I’ve never been to a grand English estate. Not if we’re talking about real life. I have, of course, been to them many times before through stories and TV sets, transported by characters and crime. Some of my favorite memories growing up involve sinking into our living room couch and watching Masterpiece Mystery with my father as we challenged each other to see who could figure out “whodunit” first (I’m writing this, so I get to say it: it was me).
I’ve taken in the lush gardens, the grand décor, the darky, spooky corridors and secret passageways; the atmospheres, thick with cobwebs, real and symbolic. Even though I’ve never actually been to one, the setting is one that’s so familiar, I can taste it. In that way, it’s familiar and foreign at the same time. It’s foreign because, well—there aren’t many English country estates on Chicago’s south side. But the familiarity is there. It’s in the setting’s promise, thick and warm, as it wraps itself around me like a well-worn coat until the final denouncement. The rolling hills, the well-placed cliff, the perceptive, brooding butler all set the stage and say, this is familiar territory. The familiarity here is in the experience.
Familiarity and foreignness are two concepts that waltz alongside each other in crime fiction. The act of murder itself is so foreign, so arcane, little else in a story need be; and yet, we’ve become accustomed to watching crime from the outside in, in settings much unlike the ones we inhabit. Foreignness in setting allows us to take a step back and connect to characters that may not look, talk or live like we do. We find familiarity in the characters themselves; in their motivations, their greed, their jealousy, their unspoken desires. Foreignness in crime fiction forces us to search for sameness so we can connect and understand.
Familiarity in crime fiction does the opposite. The prevalence of books deliberately and distinctly focused on simple, everyday imagery—think windows, trains and ride shares—creates a backdrop that connects us, on the most basic level, to fictional worlds. This familiarity is not about experience; it’s about identification.
The prevalence of books deliberately and distinctly focused on simple, everyday imagery—think windows, trains and ride shares—creates a backdrop that connects us, on the most basic level, to fictional worlds.In The Woman in the Window, for example, A.J. Finn delivers a protagonist who watches her neighbors through her window with the help of her camera’s viewfinder.
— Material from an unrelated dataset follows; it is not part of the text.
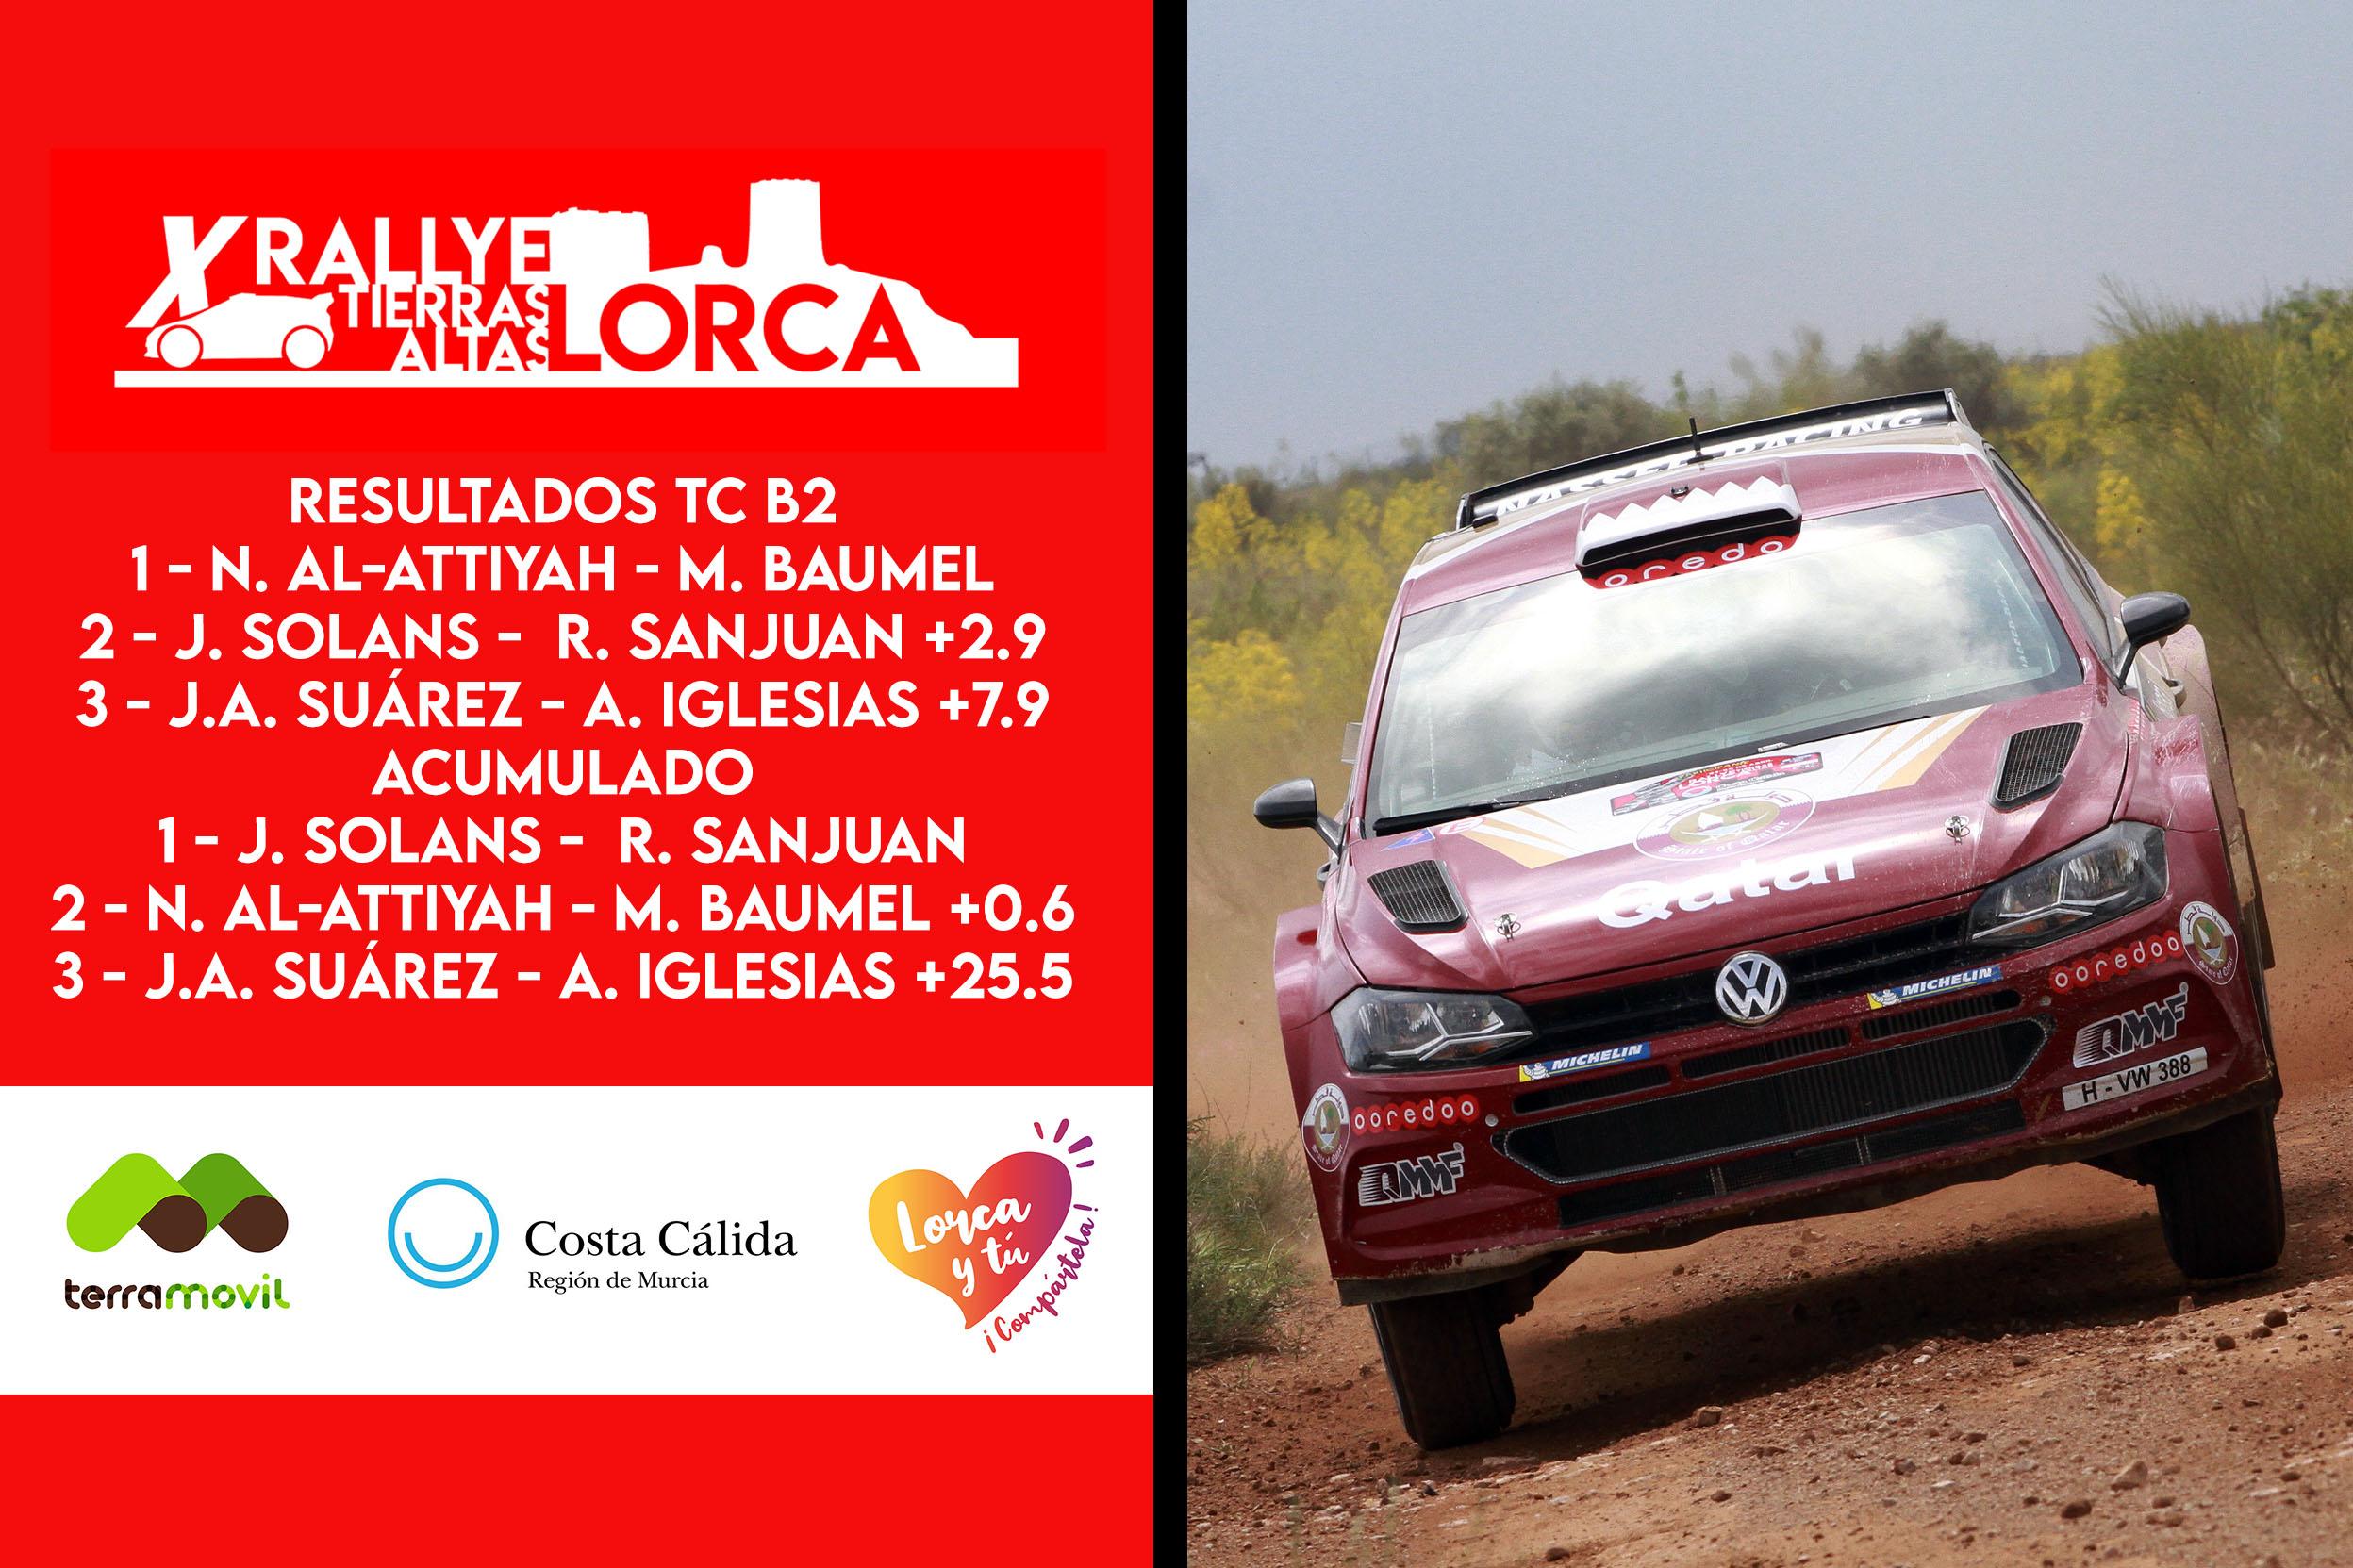 SCER + CERT: 10º Rallye Tierras Altas de Lorca [23-24 Abril] - Página 3 EzwKKDlXMAA4D3L?format=jpg&name=4096x4096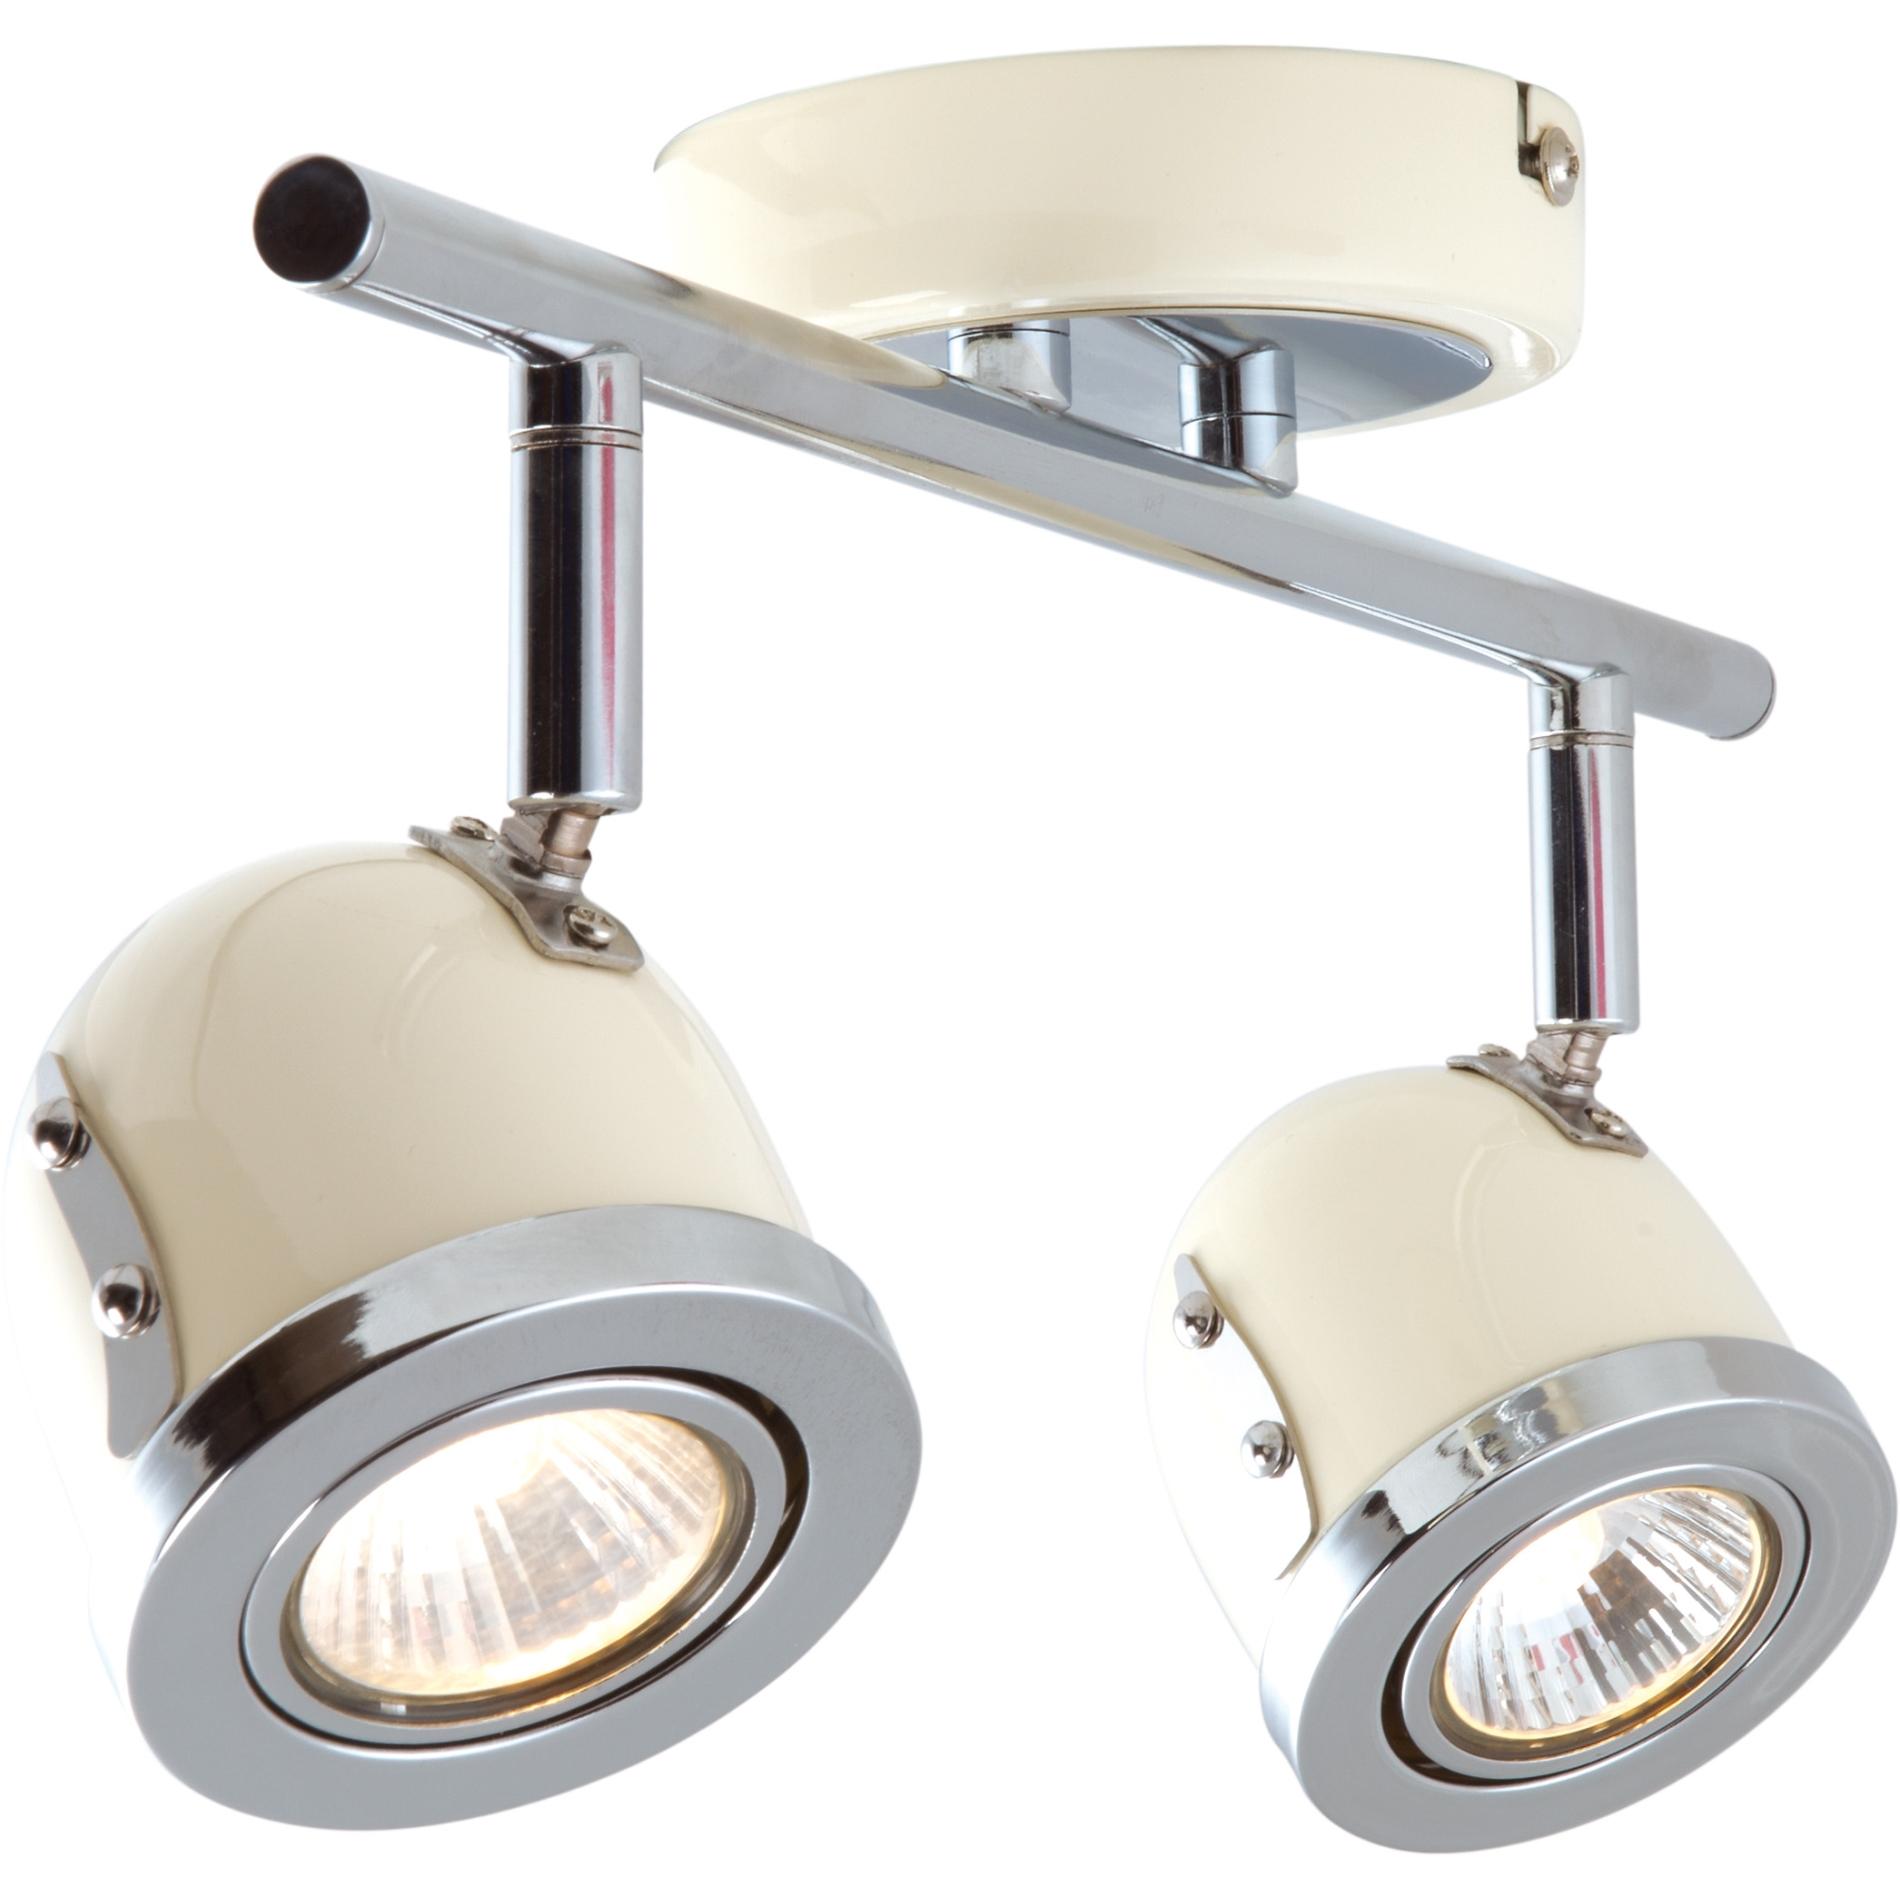 deckenstrahler bel air 2 flammig vanille spot heitronic retro chrom deckenlampe ebay. Black Bedroom Furniture Sets. Home Design Ideas

The window in this book is a setting of its own. How many times have you stood in front of a well-lit window and wondered how many eyes were on you? Likewise, how many times have you driven past a house with its shades drawn and let your eyes linger on the décor in the room because nobody is watching? The story tugs at our voyeuristic desires to know how other people live, to compare ourselves, to find a measure for whether or not we’re “doing it right.” It’s familiar.
Then, of course, there’s the long-standing combination of murder and locomotives. Of course, crime fiction set on train rides is not a new concept; the steady sway of the train creates a seductive background for murder. But modern stories featuring trains hold a different appeal than the opulent sleeping cars and arranged dinner times of stories past. This appeal is more “crushed passengers, body odor and schedule delays.” We can breathe it, smell it and feel it because we live it every day. It’s familiar.
In my latest novel, The Night in Question, I explore crime with the backdrop of another very common mode of transportation—ride shares. What wouldn’t have made sense a decade ago is now a setting that resonates with millions of riders across the globe. And “setting” in this case goes far beyond the inside of an adequately-maintained car—it’s the interaction between drivers and passengers; the idle chit chat; the hunched figure of a rider standing in the middle of the street and peering down at a license plate. For riders around the world, this setting is real-life. It’s—you guessed it—familiar.
These simple images provide settings that resonate with diverse audiences through their ‘ordinary-ness.’ They’re the settings that make our lives whole—places where we interact with other people, and where we can see ourselves, our families, our friends. They are not familiar because we understand them; they’re familiar because we live them, day in and day out.
When we can see ourselves too clearly in a flawed protagonist, or when a setting hits too close to home, we look for what’s different.If we look for sameness in foreign settings, we look for differences in familiar ones. We have to. When we can see ourselves too clearly in a flawed protagonist, or when a setting hits too close to home, we look for what’s different. For why we’re different. We must satisfy our inherent need to understand that we are better, safer, stronger, wiser or luckier. Put simply, when we see ourselves in characters that do bad things, or who have bad things happen to them, we search for a sign that we’d be spared the same fate.
Stories about crime and murder are much less about the crime themselves than they are about the people behind them. They’re about how crime disrupts what we know, and that’s often what scares us the most. It’s the tension between familiarity and foreignness in these stories that a us allows us to invest and connect at a safe distance. We’re able to watch as crime upsets the ordinary and, in most cases, we get to watch it all get put back together again.
Because that’s the key, isn’t it? We need to know that at the end of the day, if the dark and terrifying story on the page ever got too familiar—if it ever got so close to our real lives that it actually overlapped—maybe we’d find a way to put it all back together, too.